PhoneHarness: Harnessing Phone-Use Agents through Mixed GUI, CLI, and Tool Actions

PhoneHarness: Harnessing Phone-Use Agents through Mixed GUI, CLI, and Tool Actions

PhoneHarness:通过混合 GUI、CLI 和工具操作驾驭手机智能体

Abstract: Phone agents are increasingly expected to complete real mobile workflows rather than merely predict the next screen action. However, much of the current mobile-agent literature still evaluates agents primarily as GUI controllers that observe a screen, emit taps and swipes, and are scored by target app state. Real phone-use tasks are broader: they require deciding when to use app GUIs, device-side commands, or structured tools, while leaving evidence that the intended side effect actually occurred.

摘要: 人们对手机智能体的期望已不再仅仅是预测下一个屏幕动作,而是完成真实的移动端工作流。然而,目前大多数关于移动智能体的文献仍主要将其评估为 GUI 控制器,即通过观察屏幕、发出点击和滑动指令,并根据目标应用的状态进行评分。真实的手机使用任务更为广泛:它们需要智能体决定何时使用应用 GUI、设备端命令或结构化工具,同时还要留下证据证明预期的副作用确实已经发生。

We introduce PhoneHarness, a mixed-action benchmark and execution harness for studying phone-use agents on verifiable mobile workflows. PhoneHarness runs a device-side agent loop over GUI, CLI, and host-side tool actions, combining deterministic action routing with bounded GUI delegation and auditable execution traces. Its benchmark, PhoneHarness Bench, evaluates whether agents complete tasks with observable side effects, not only whether they produce plausible final answers.
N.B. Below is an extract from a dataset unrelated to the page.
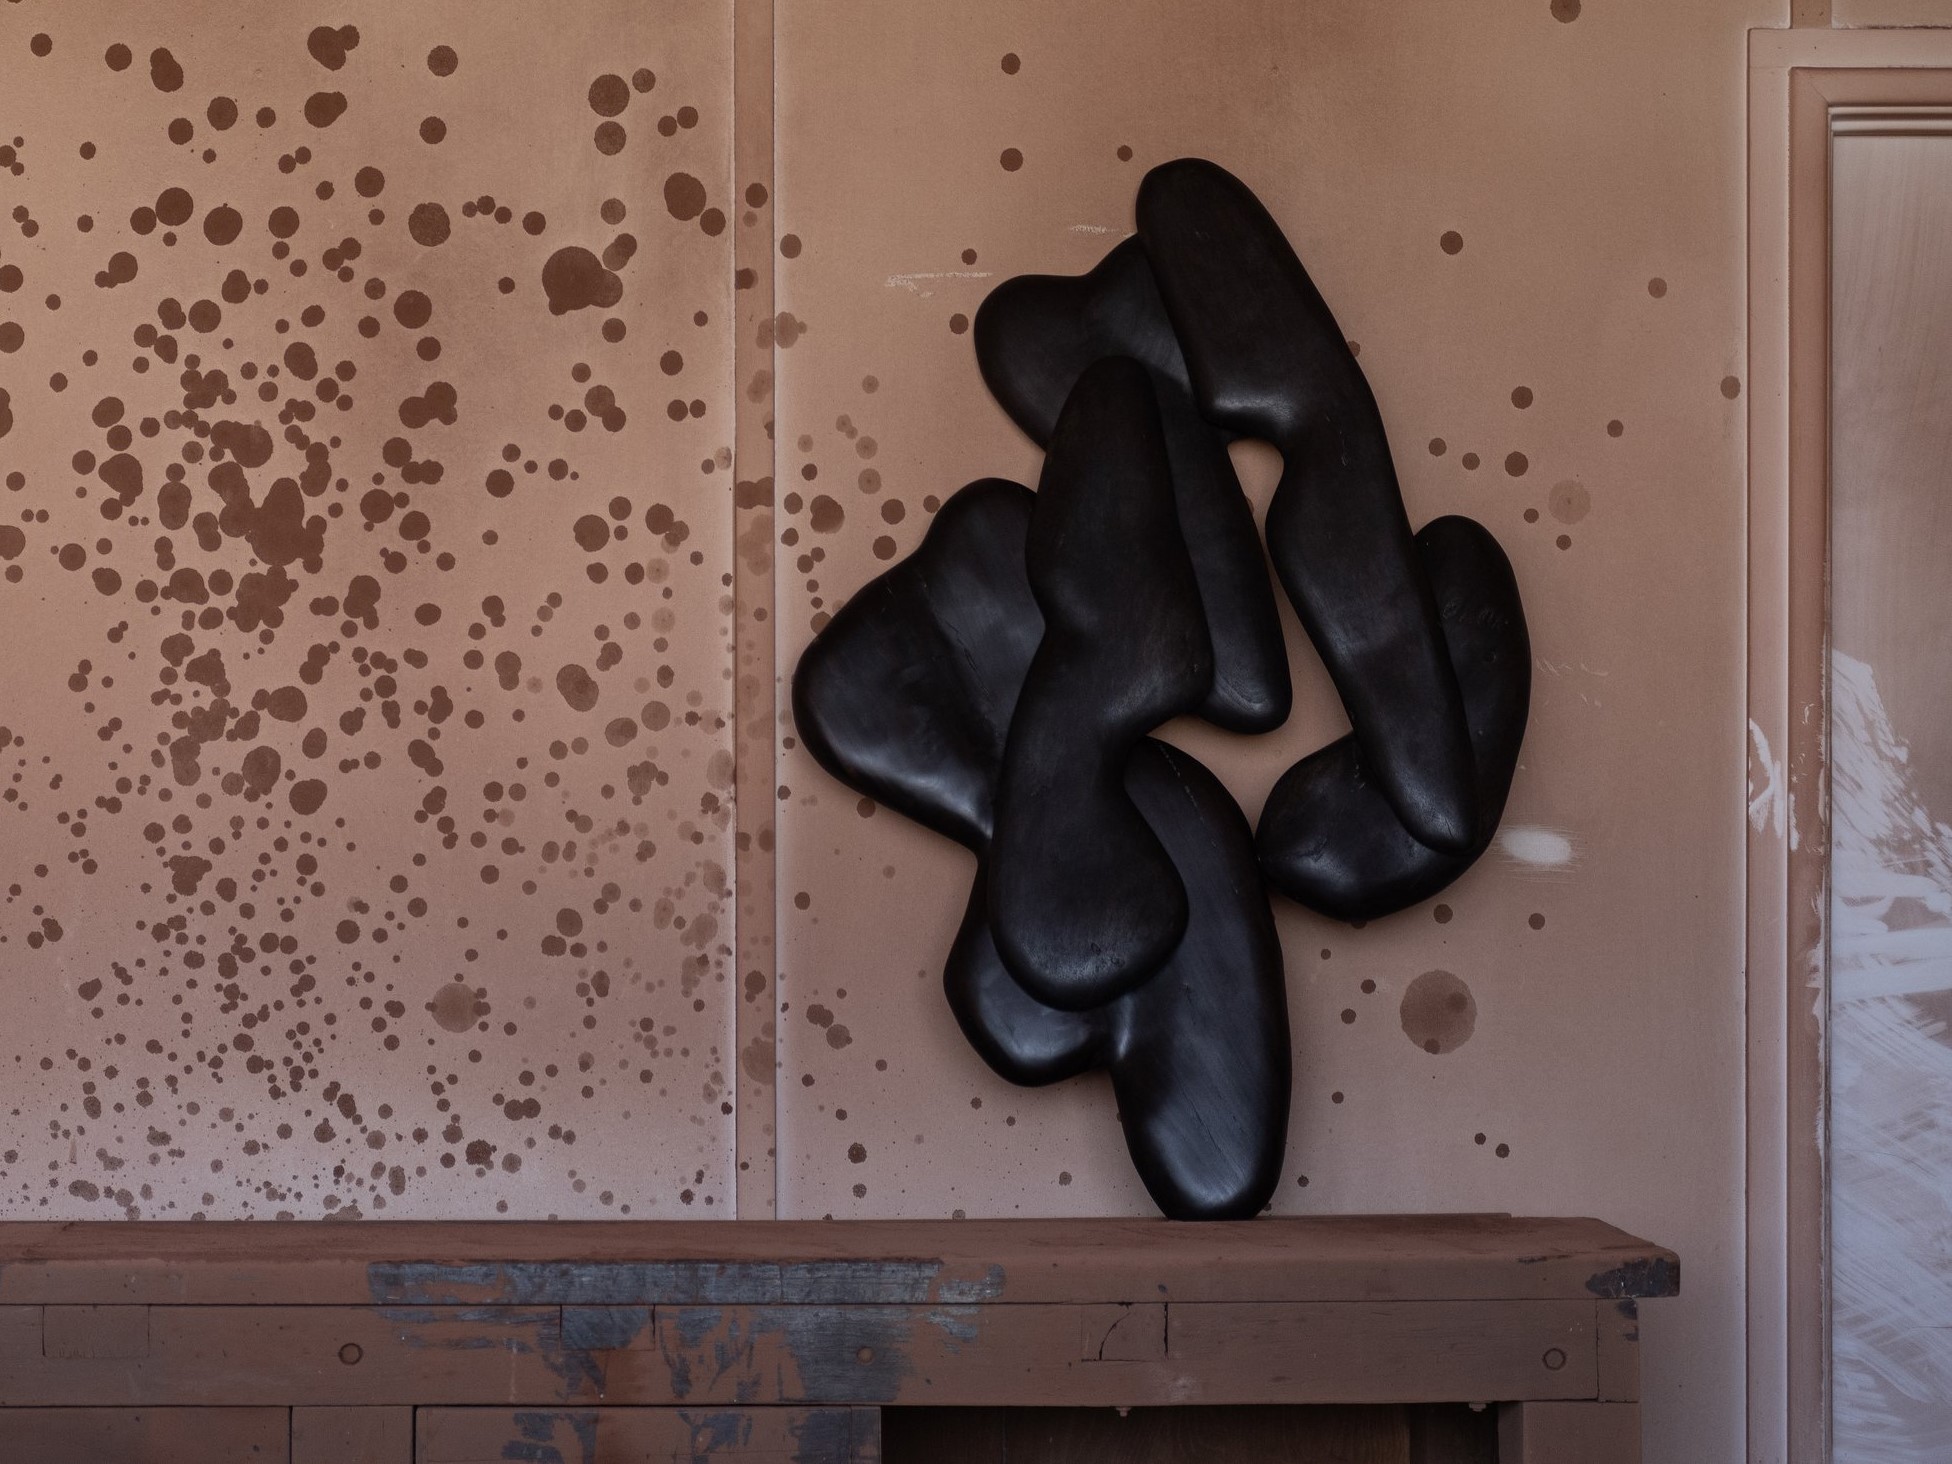 A flat sculpture leaning against the wall of the studio, made up on interlinked carved shapes

我们推出了 PhoneHarness,这是一个用于研究可验证移动工作流中手机智能体的混合动作基准测试与执行框架。PhoneHarness 在 GUI、CLI 和主机端工具操作之上运行设备端智能体循环,将确定性动作路由与受限的 GUI 委托及可审计的执行轨迹相结合。其基准测试 PhoneHarness Bench 不仅评估智能体是否能给出合理的最终答案,还评估其是否能完成具有可观察副作用的任务。

On the annotated evaluation split, PhoneHarness reaches a 75.0% pass rate, outperforming the strongest non-PhoneHarness settings by 12.9 percentage points. PhoneHarness and PhoneHarness Bench therefore play distinct but mutually dependent roles: the harness makes mixed phone workflows executable, while the benchmark measures whether agents can use that harness reliably and safely. Our findings suggest that reliable phone automation depends on action-surface routing and verifiable execution, not only visual GUI control.

在标注的评估集上,PhoneHarness 的通过率达到了 75.0%,比最强的非 PhoneHarness 设置高出 12.9 个百分点。因此,PhoneHarness 和 PhoneHarness Bench 发挥着不同但相互依赖的作用:前者使混合手机工作流变得可执行,而后者则衡量智能体能否可靠且安全地使用该框架。我们的研究结果表明,可靠的手机自动化依赖于动作表面的路由和可验证的执行,而不仅仅是视觉 GUI 控制。